Après une longue carrière dans l’industrie, Jean-Emmanuel Derny a choisi de se lancer voilà quatre ans dans l’investigation privée avec son agence Roche Investigations implantée dans les Yvelines. Tout naturellement, sa clientèle est surtout professionnelle : des entreprises confrontées à une concurrence déloyale, à des salariés ne respectant pas leur clause de non-concurrence ou se livrant à des actes délictueux. Tout en soulignant : « La filature, ce n’est pas particulièrement amusant, il y a des risques », il avoue pratiquer très régulièrement cette méthode « artisanale », selon ses propos. Parfois, il n’hésite pas à se faire embaucher chez un client pour procéder à une infiltration et démasquer un voleur. « La plupart du temps, le client a de fortes suspicions, explique-t-il, et l’intervention du détective permet de les confirmer. L’affaire s’arrête souvent là, le salarié démasqué démissionnant de lui-même. »

Arnaud Pelletier, de l’agence Leprivé à Paris, est moins convaincu par ces méthodes. « Il y a beaucoup de fantasmes sur notre profession, souligne-t-il, mais la surveillance directe est une activité très marginale qui intervient tout en bout de chaîne. » Il avoue être perplexe devant l’affaire de ce salarié lyonnais espionné durant 1 500 heures. « Il faut savoir précisément ce que l’on recherche. Je poursuis rarement au-delà de 40 heures ou 50 heures de travail sans résultat. »
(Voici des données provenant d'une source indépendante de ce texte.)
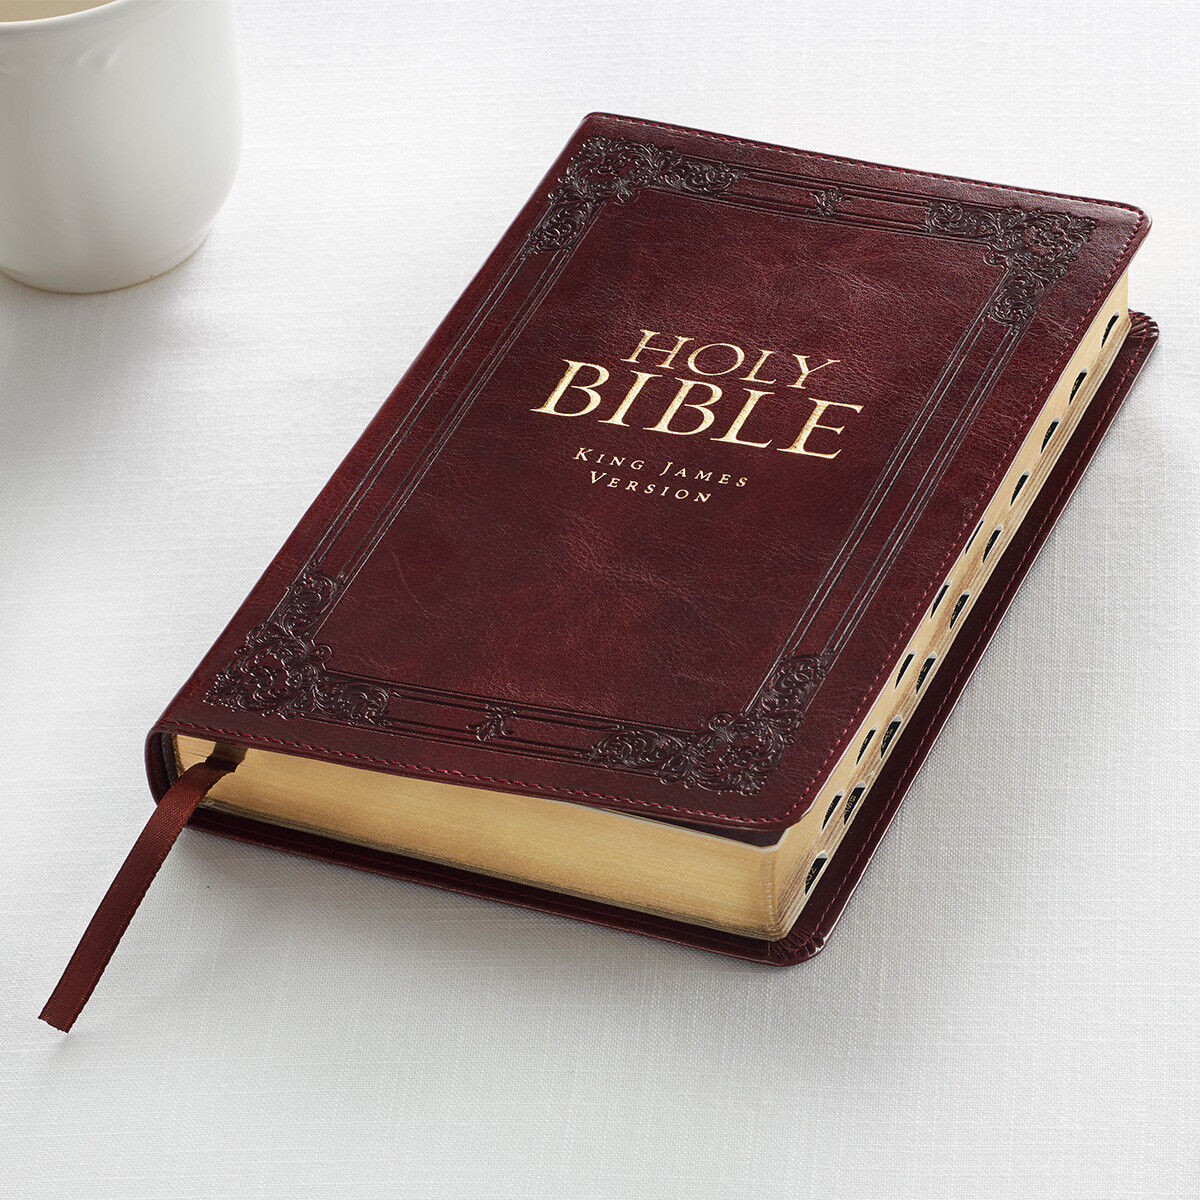  Holy Bible King James Version Thumb Indexed Burgundy Faux Leather Gift Bible Без бренда

Même s’il lui arrive de filer des commerciaux pour s’assurer de leur travail ou de leur loyauté, il estime que l’essentiel de son travail est ailleurs : des collectes d’informations sur ordinateur, un solide réseau professionnel et une grosse activité de benchmarking pour diverses entreprises. Selon lui, la profession d’agent de recherche privée (son nom officiel) est de plus en plus réglementée et évolue rapidement. « Nous intervenons de plus en plus tôt, avec de l’intelligence économique, des enquêtes de moralité ou des études de CV pour éviter les conflits qui pourraient se déclencher par la suite. »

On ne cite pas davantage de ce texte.